Ей семнадцать. Она перерастет это. Мы почти одного роста, у нас обеих светло-карие глаза и каштановые волосы, хотя мои немного светлее, как у нашей аргентинской бабушки. Но это было все, в чем мы были похожи. Я весила на девять килограммов больше. Если же сравнить наши личные качества, мы были настолько разными, насколько это вообще возможно. К пятнадцати годам она уже научилась носить туфли на каблуках, а я в этом возрасте считала, что носить настоящий бюстгальтер — фантастически круто, и это только верхушка айсберга. Но я любила ее до чертиков, даже когда она была немного снобистской и плаксивой... и иногда она была немного жадной.
Когда я, наконец, отпустила ее и посмотрела в сторону отца, то фыркнула, сдерживая смех. Он стоял к нам спиной и внимательно оглядывал поле.

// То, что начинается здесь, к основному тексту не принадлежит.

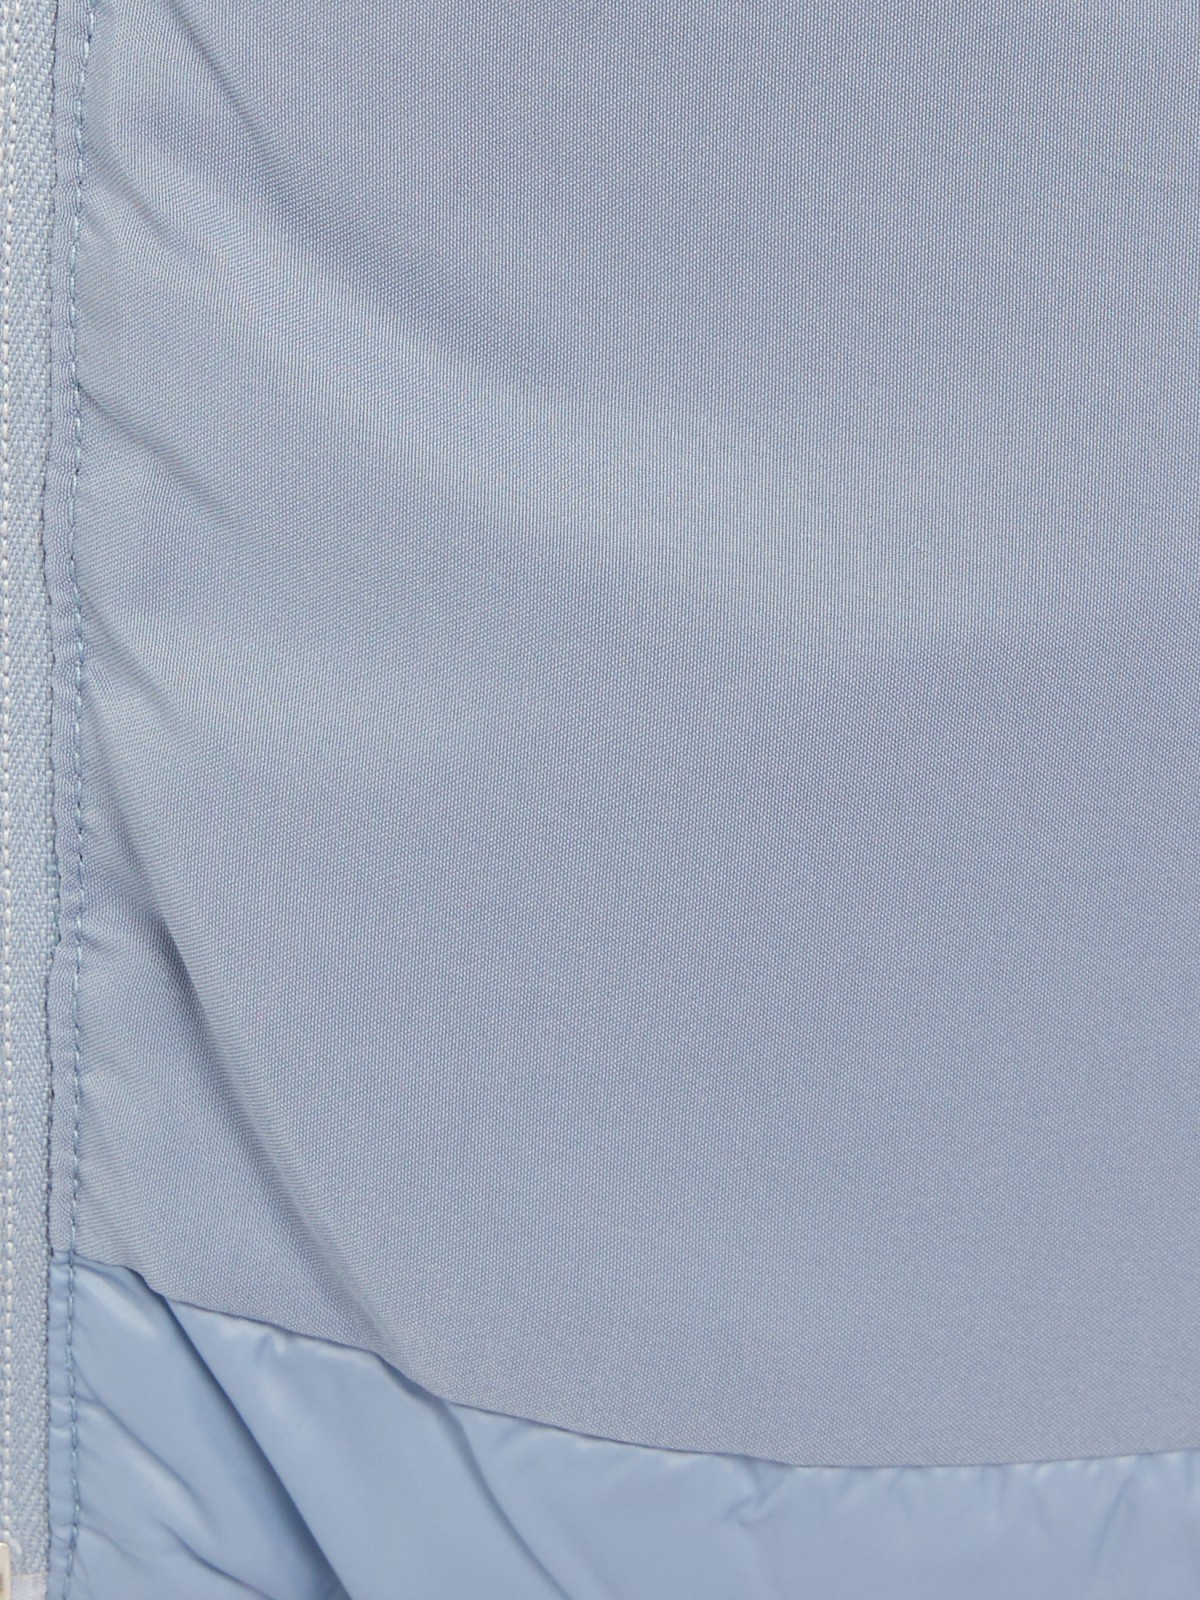 Утеплённая стёганая куртка укороченного фасона с капюшоном zolla 023335112224, цвет голубой, размер S - фото 5

— Эй, пап? Обними меня, прежде чем ты никогда больше не захочешь мыть руки.
Вздрогнув от неожиданности, он обернулся и сверкнул широкой улыбкой. Сколько я себя помню, у него были коротко стриженные редеющие волосы и яркие зеленые глаза, унаследованные от испанской бабушки.
— Я искал тебя!
— Да ладно тебе, врунишка, — рассмеялась я. Мы крепко обнимались, пока он комментировал мои удары «ножницами», которые я делала во время тренировки. Это технически сложный удар через себя в падении, который требовал в прыжке оторвать тело от земли, и пока спортсмен находился в полете параллельно земле, ударить по мячу быстро скрестив ноги, сделав «ножницы». В зависимости от положения тела к земле после удара, мяч летит либо через голову футболиста, либо в сторону.
— Я так горжусь тобой, — сказал он, все еще обнимая меня. — Ты становишься лучше каждый раз, когда я тебя вижу.
— Или, есть вероятность, что твое зрение становится хуже...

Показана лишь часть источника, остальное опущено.